[Opening Dataset excerpt section]
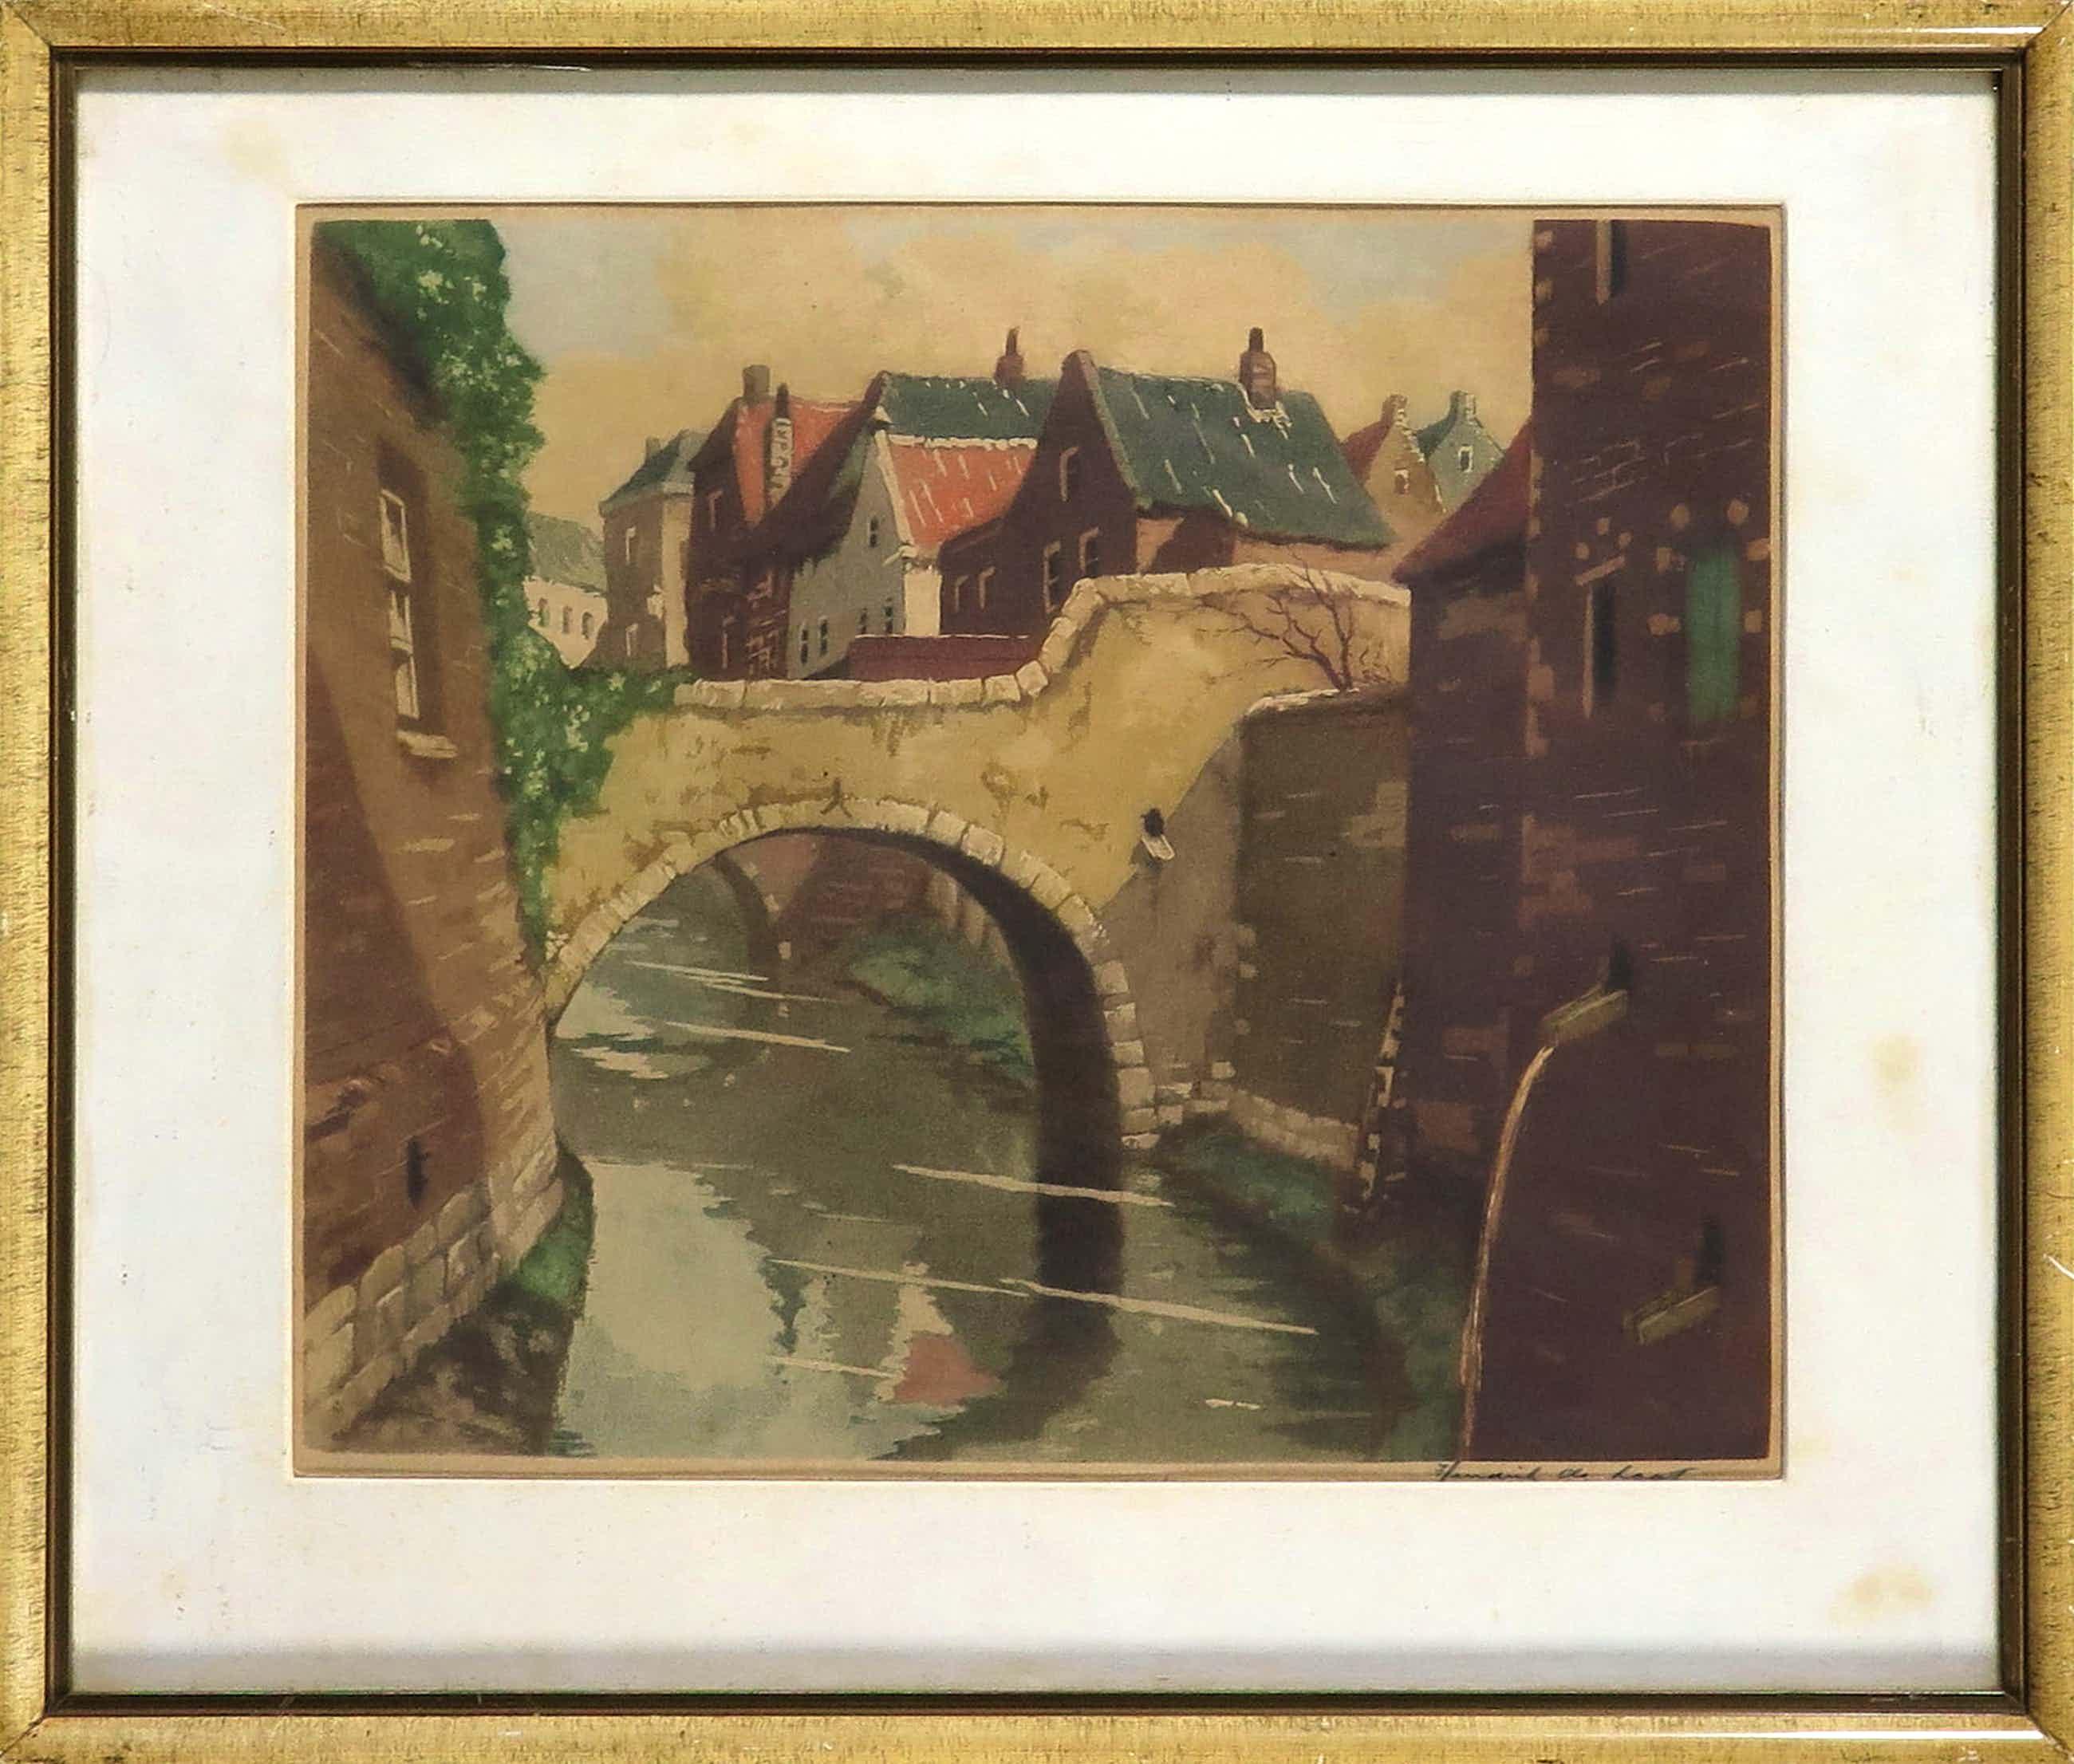 Hendrik de Laat - Aquatint, Stadsgezicht Den Bosch Lieve Vrouwenbrug - Ingelijst kopen? Bied vanaf 40!
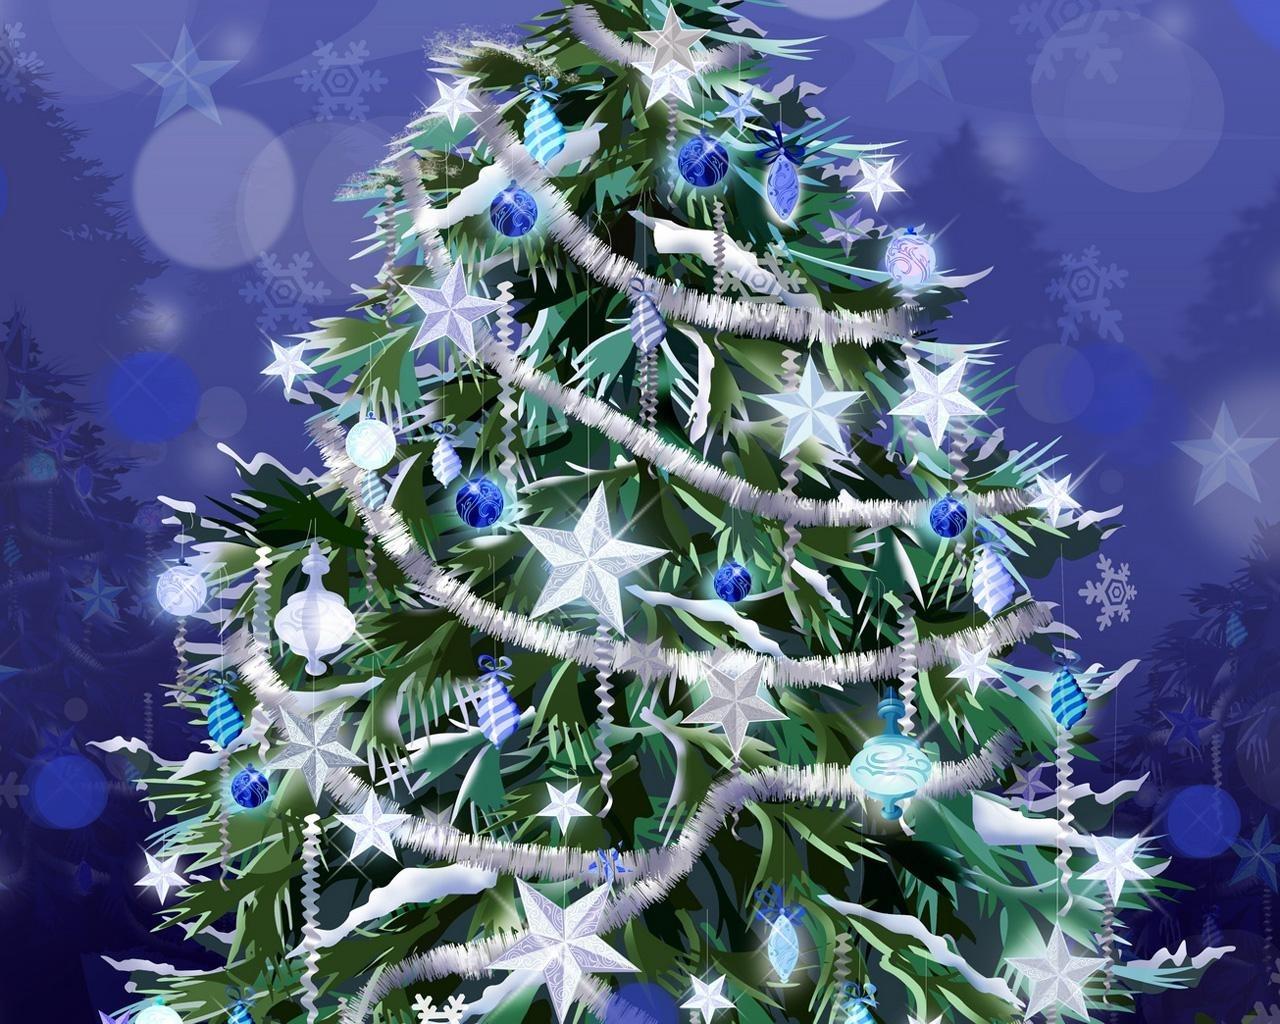 2209 скачать обои Праздники, Новый Год (New Year), Елки, Рождество (Christmas, Xmas), Рисунки - заставки и картинки бесплатно
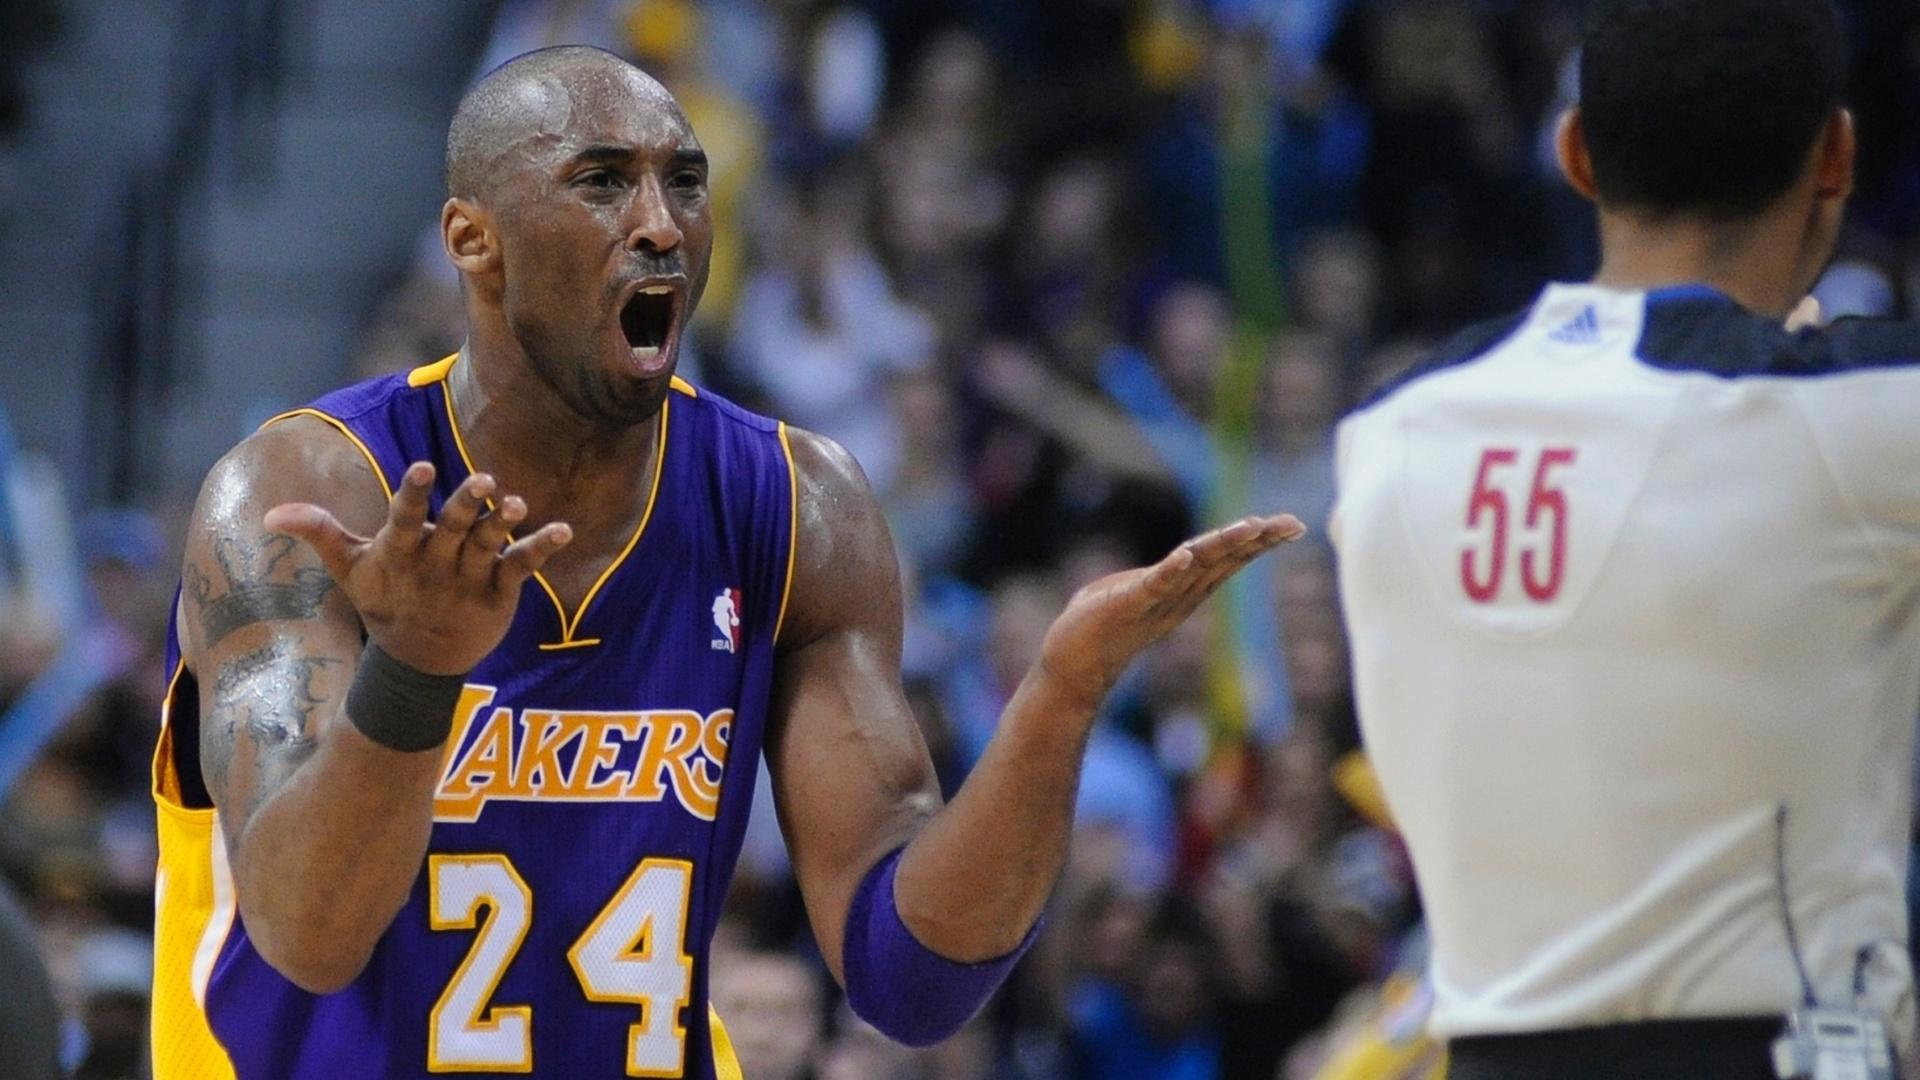 fd3bf01d2 Kobe critica diretoria dos Lakers e cobra definição sobre situação de Gasol  - 20 02 2012 - UOL Esporte
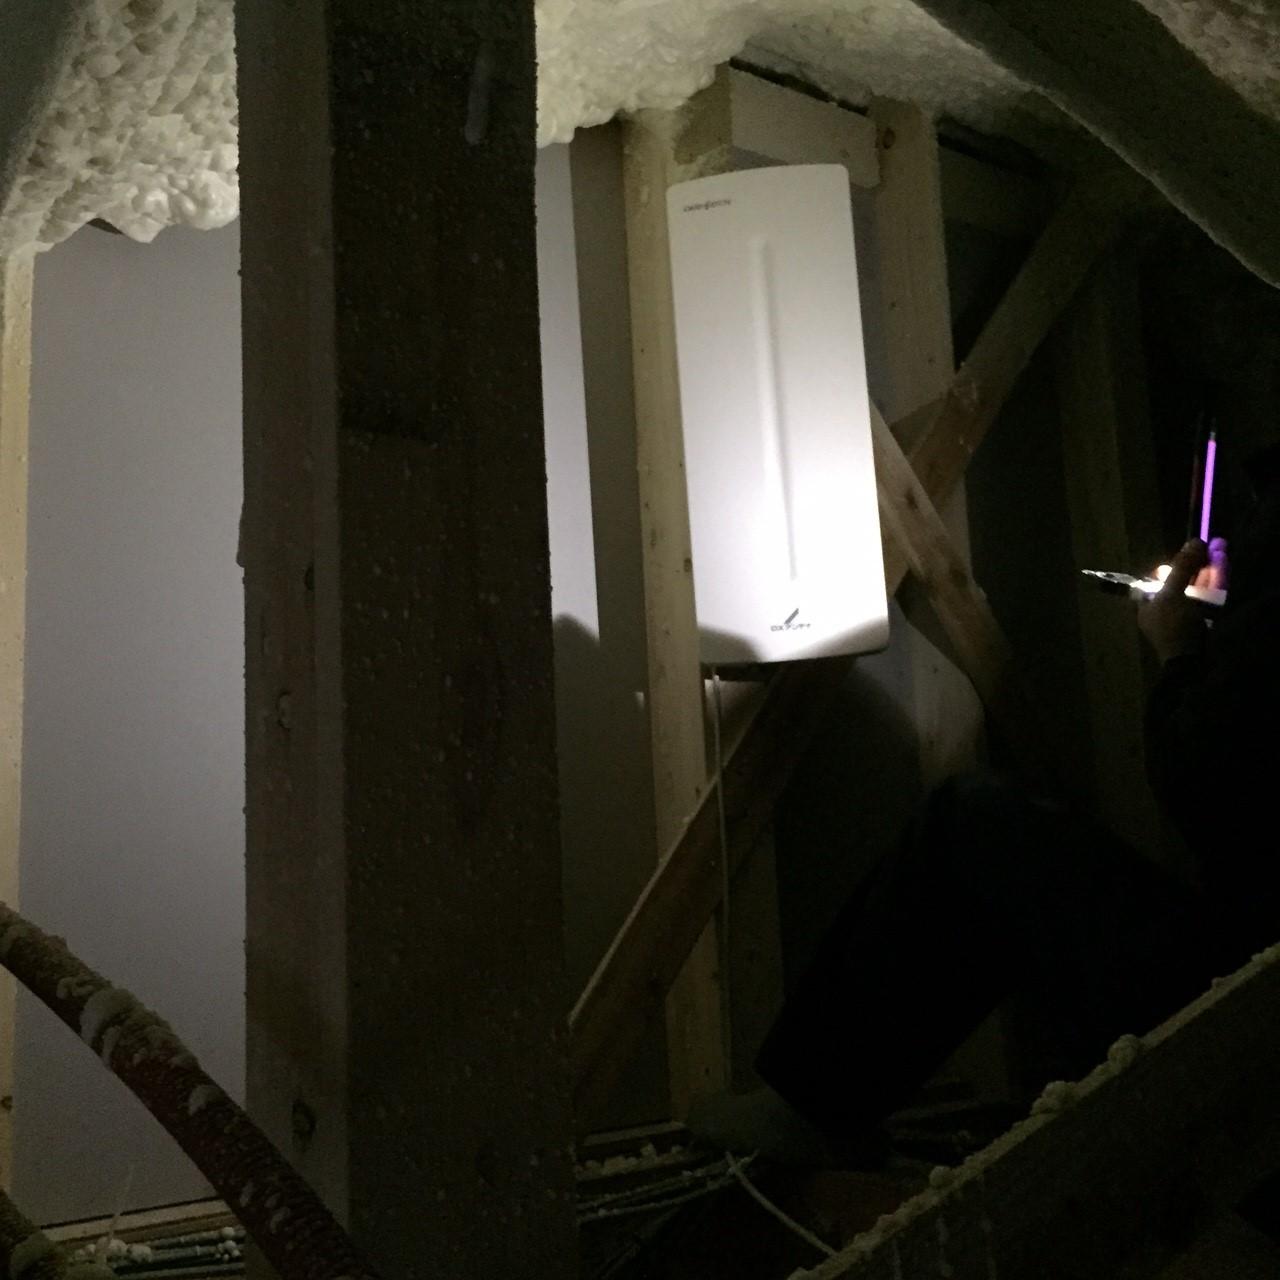 神奈川県大和市の屋根裏設置デザインアンテナ工事事例
[Closing Dataset excerpt section]
- [Problem description]
Transcribe the whole listing above exactly and leave out the pictures.

- [Written solution]
 Hendrik de Laat - Aquatint, Stadsgezicht Den Bosch Lieve Vrouwenbrug - Ingelijst kopen? Bied vanaf 40!
 2209 скачать обои Праздники, Новый Год (New Year), Елки, Рождество (Christmas, Xmas), Рисунки - заставки и картинки бесплатно
 fd3bf01d2 Kobe critica diretoria dos Lakers e cobra definição sobre situação de Gasol  - 20 02 2012 - UOL Esporte
 神奈川県大和市の屋根裏設置デザインアンテナ工事事例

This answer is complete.